- Long Lake Township, Minnesota Location within the state of Minnesota Long Lake Township, Minnesota Long Lake Township, Minnesota (the United States)
- Coordinates: 43°53′20″N 94°41′13″W﻿ / ﻿43.88889°N 94.68694°W
- Country: United States
- State: Minnesota
- County: Watonwan

Area
- • Total: 35.6 sq mi (92.3 km^{2})
- • Land: 34.4 sq mi (89.0 km^{2})
- • Water: 1.3 sq mi (3.3 km^{2})
- Elevation: 1,161 ft (354 m)

Population (2000)
- • Total: 346
- • Density: 10/sq mi (3.9/km^{2})
- Time zone: UTC-6 (Central (CST))
- • Summer (DST): UTC-5 (CDT)
- FIPS code: 27-38024
- GNIS feature ID: 0664819

= Long Lake Township, Watonwan County, Minnesota =

Long Lake Township is a township in Watonwan County, Minnesota, United States. The population was 346 at the 2000 census.

==History==
Long Lake Township was organized in 1868.

==Geography==
According to the United States Census Bureau, the township has a total area of 35.6 square miles (92.3 km^{2}), of which 34.4 square miles (89.0 km^{2}) are land and 1.3 square miles (3.3 km^{2}) (3.56%) are water.

==Demographics==
As of the census of 2000, there were 346 people, 141 households, and 108 families residing in the township. The population density was 10.1 PD/sqmi. There were 181 housing units at an average density of 5.3 /sqmi. The racial makeup of the township was 96.82% White, 0.58% Native American, 2.31% Asian, and 0.29% from two or more races. Hispanic or Latino of any race were 0.29% of the population.

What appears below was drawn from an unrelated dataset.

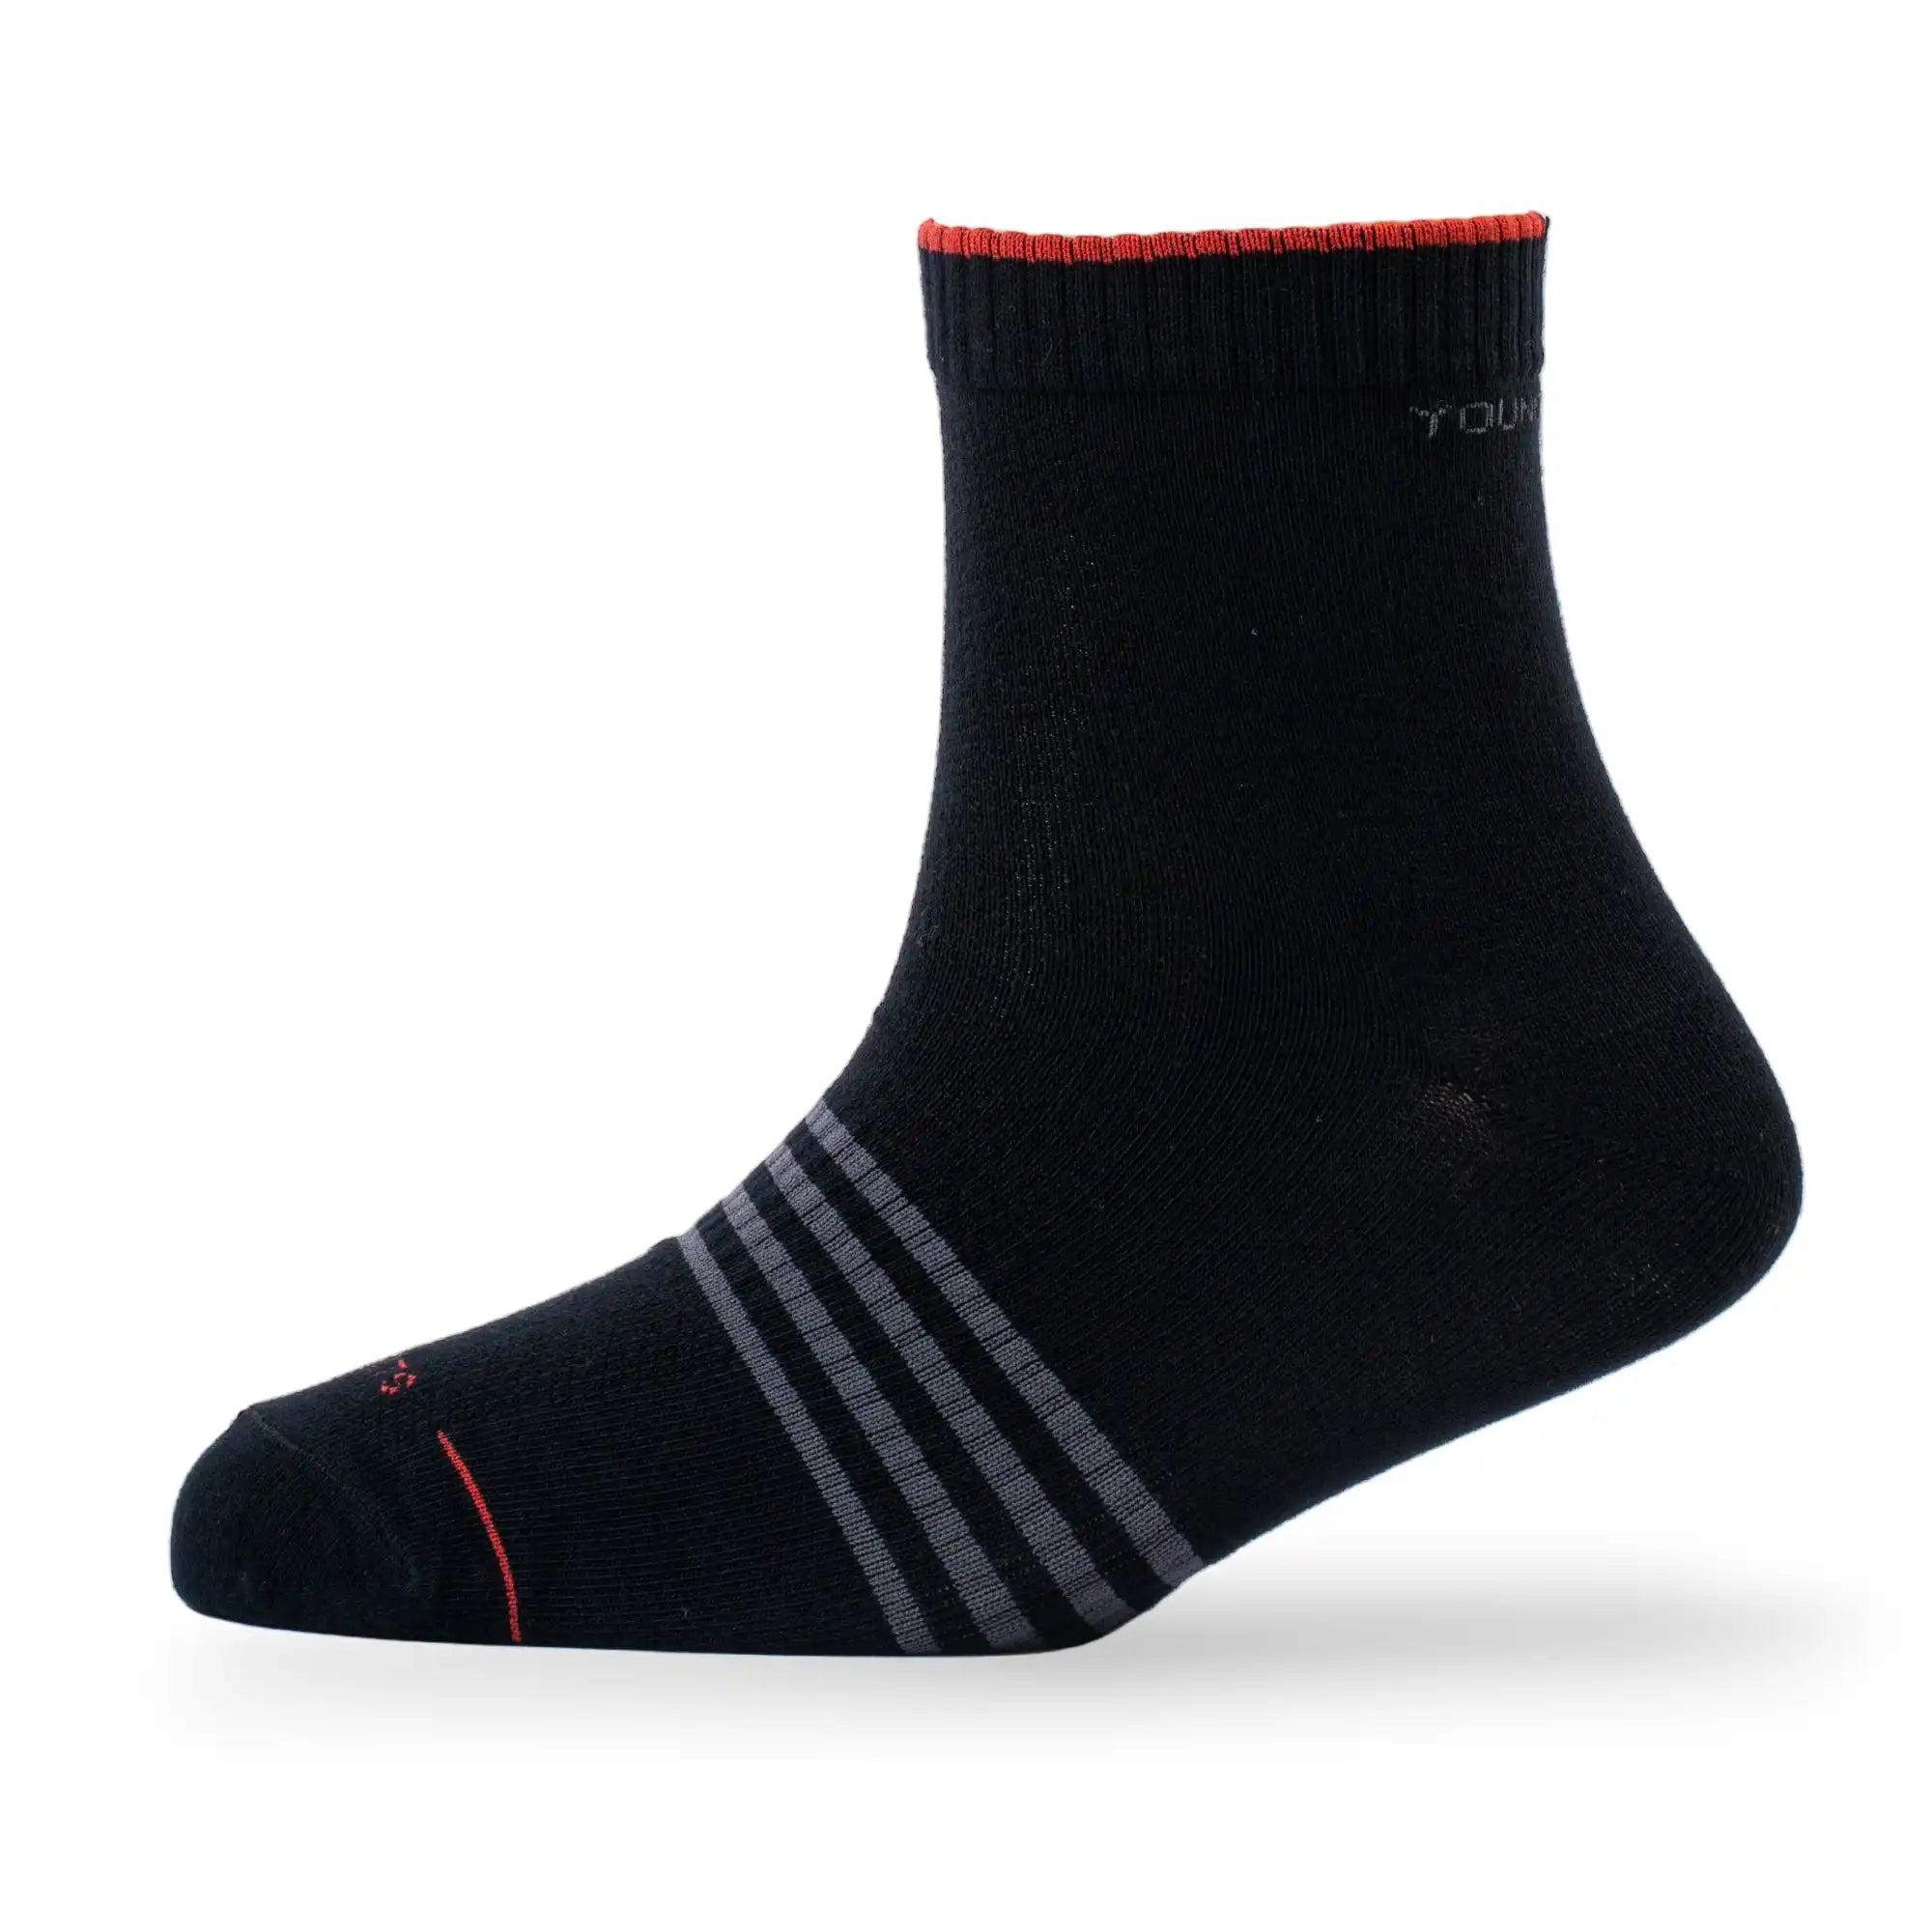 Young Wings Men's Multi Colour Cotton Fabric Design Ankle Length Socks - Pack of 5, Style no. M1-2110 N

27.0% of all households had children under the age of 18 living with them, 70.9% were married couples living together, 3.5% had a female householder with no husband present, and 22.7% were non-families. 20.6% of all households were made up of individuals, and 8.5% had someone living alone who was 65 years of age or older. The average household size was 2.45 and the average family size was 2.85.

In the township the population was spread out, with 22.8% under the age of 18, 4.3% from 18 to 24, 17.1% from 25 to 44, 34.1% from 45 to 64, and 21.7% who were 65 years of age or older. The median age was 48 years. For every 100 females, there were 113.6 males. For every 100 females age 18 and over, there were 103.8 males.

The median income for a household in the township was $47,500, and the median income for a family was $56,250. Males had a median income of $37,969 versus $21,250 for females. The per capita income for the township was $20,009. About 7.4% of families and 8.6% of the population were below the poverty line, including 8.0% of those under age 18 and 20.3% of those age 65 or over.